> What the task requires
The expected output is the data below, character for character, without its pictures.

> Material provided
▬▬▬▬▬▬▬▬▬▬

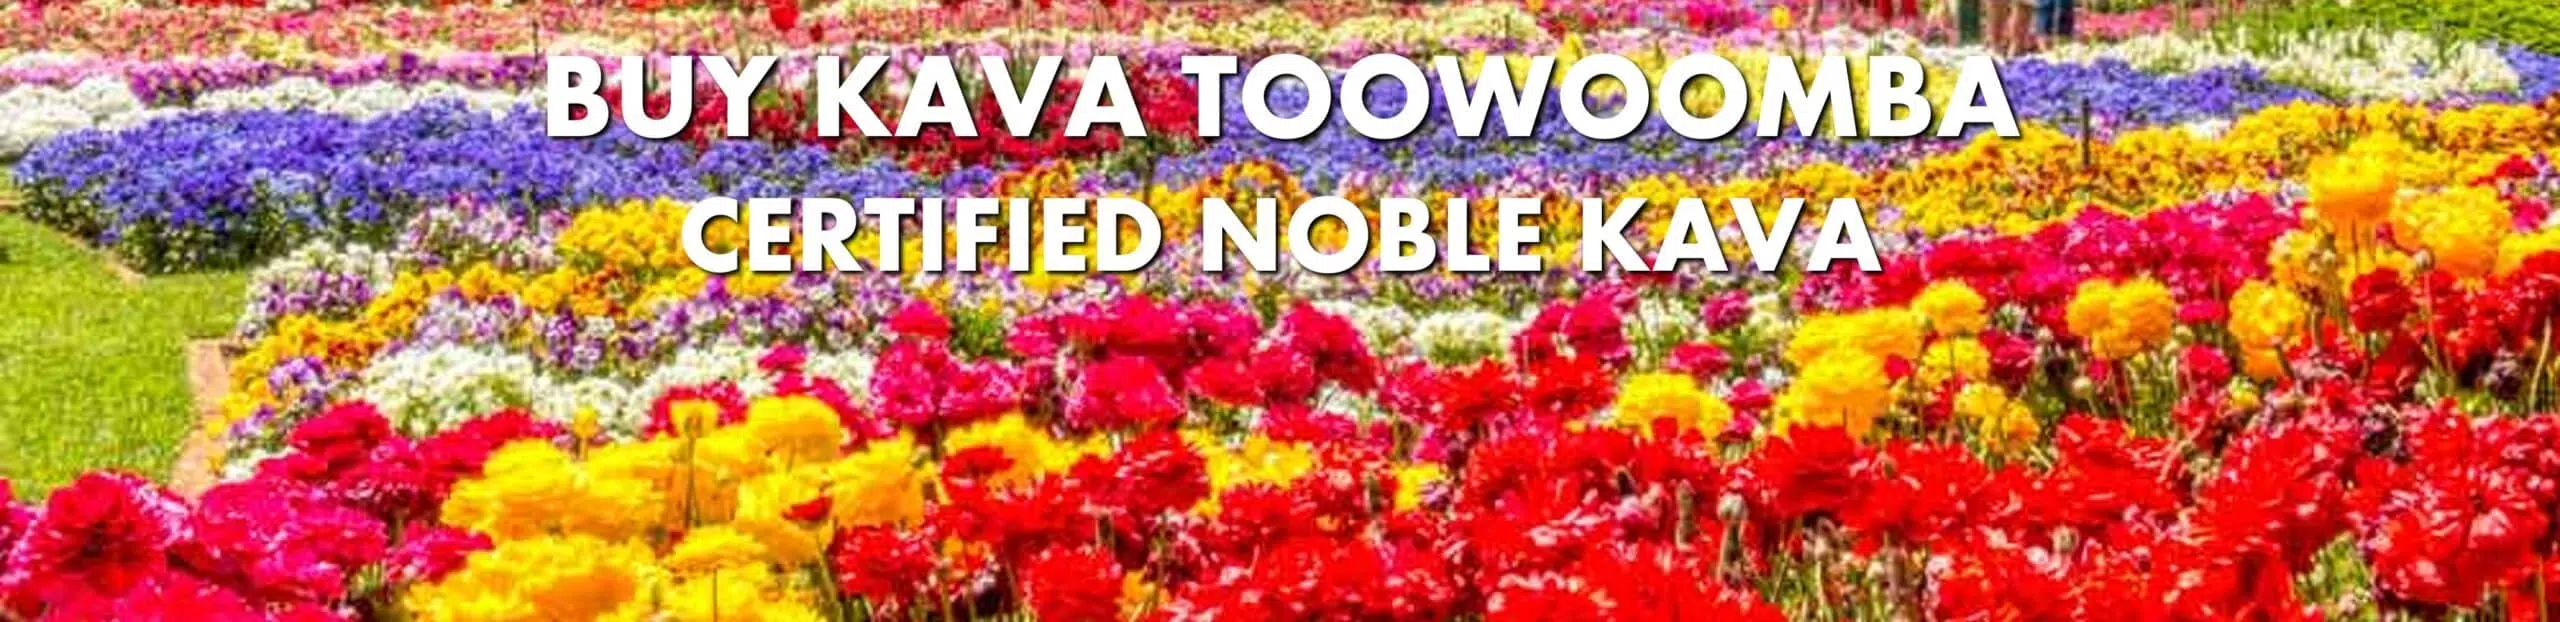 Flower display in Toowoomba Queensland with caption Buy Kava Toowoomba Certified Noble Kava
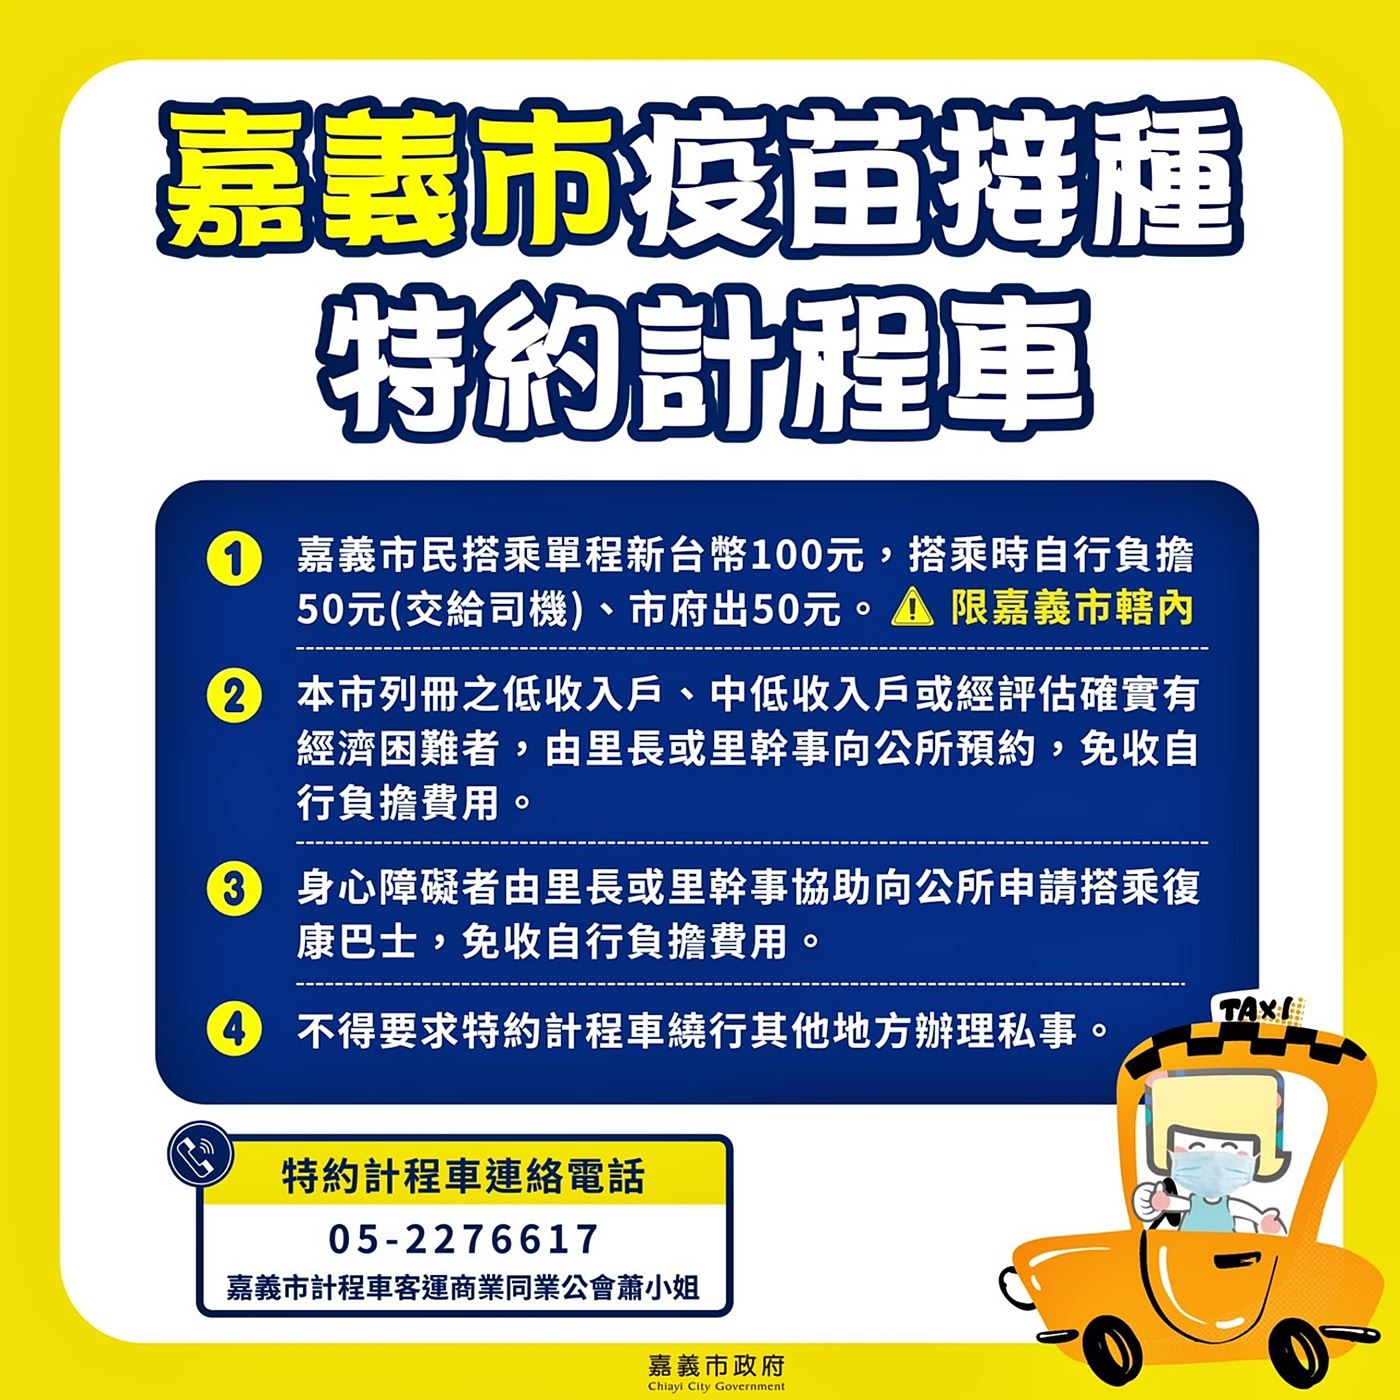 Each cab fare is NTD100. The local government will subsidize NTD50, so citizens only have to pay NTD50. (Photo / Provided by the Chiayi Government Department of Social Affairs)
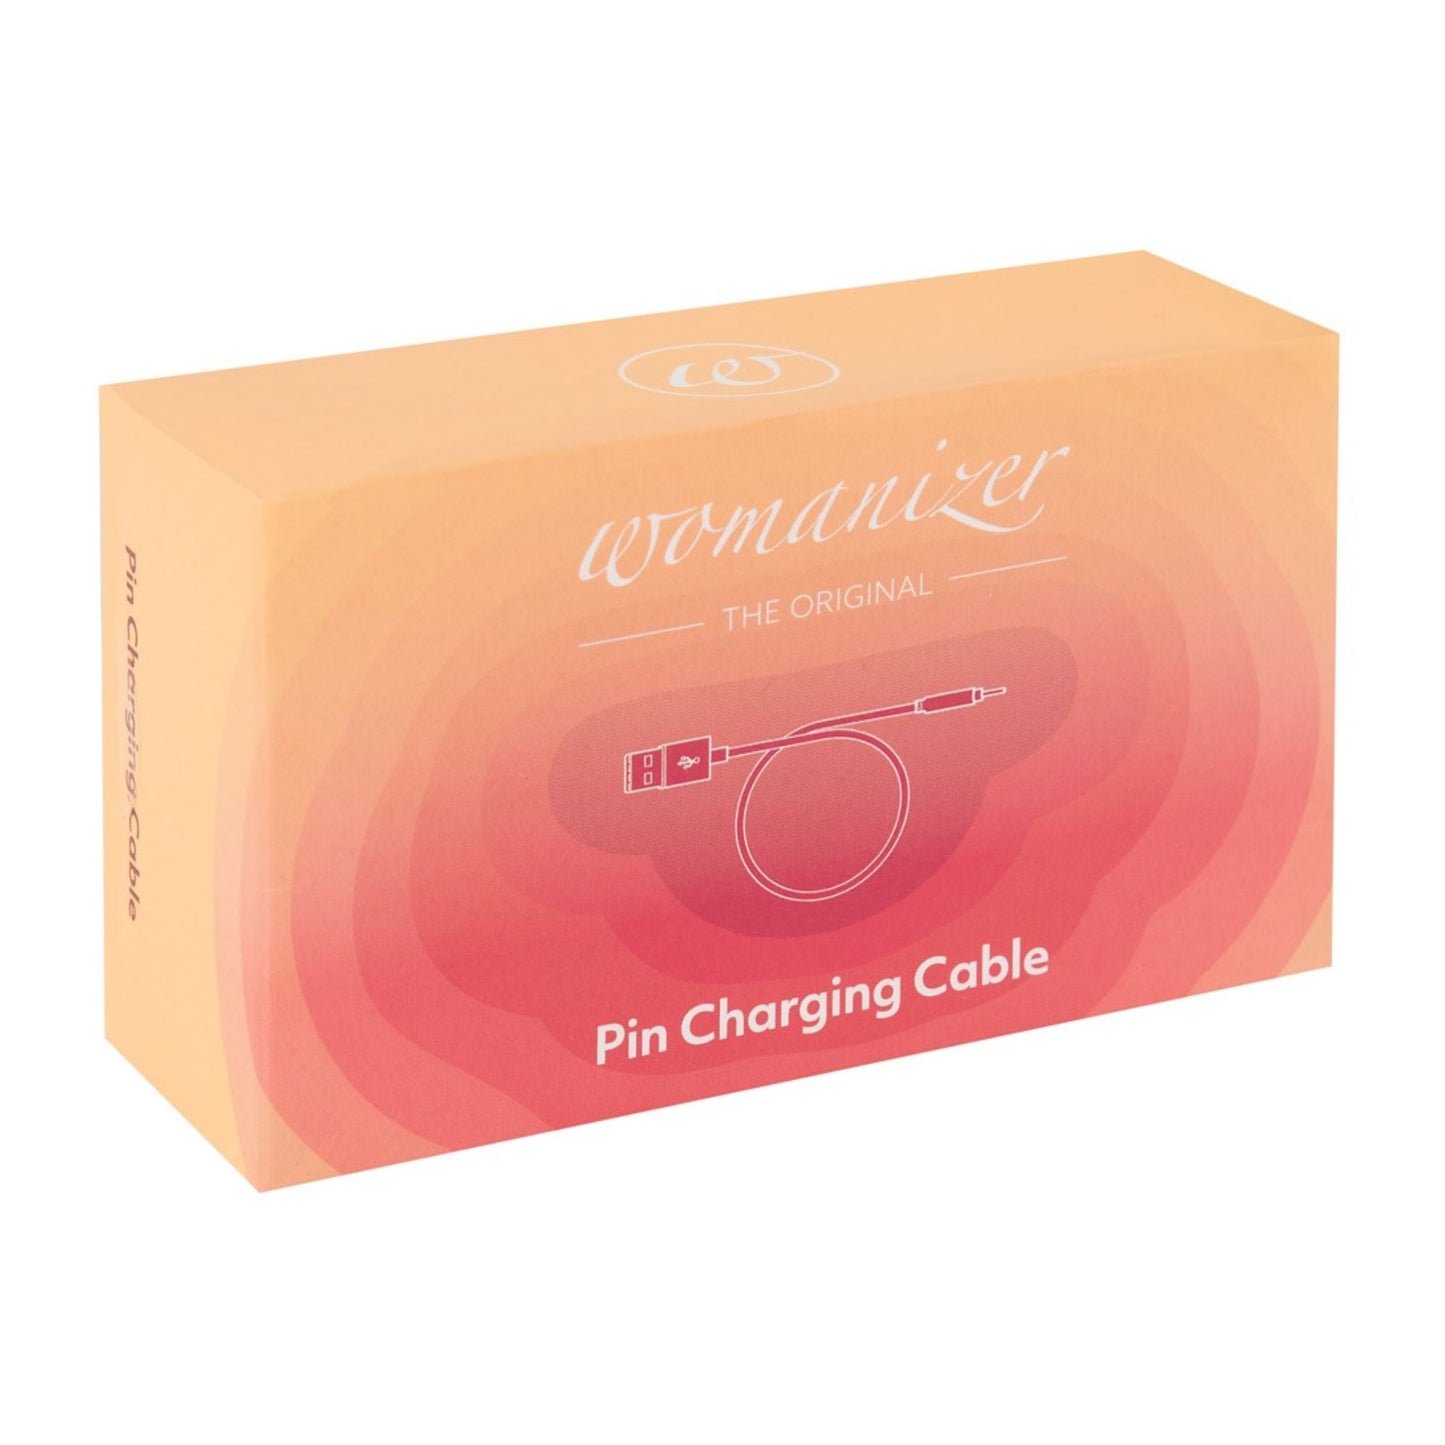 Ladekabel „Pin Charging Cable“ für Womanizer - OH MY! FANTASY

▬▬▬▬▬▬▬▬▬▬

> Completed exercise
 Flower display in Toowoomba Queensland with caption Buy Kava Toowoomba Certified Noble Kava
 Each cab fare is NTD100. The local government will subsidize NTD50, so citizens only have to pay NTD50. (Photo / Provided by the Chiayi Government Department of Social Affairs)
 Ladekabel „Pin Charging Cable“ für Womanizer - OH MY! FANTASY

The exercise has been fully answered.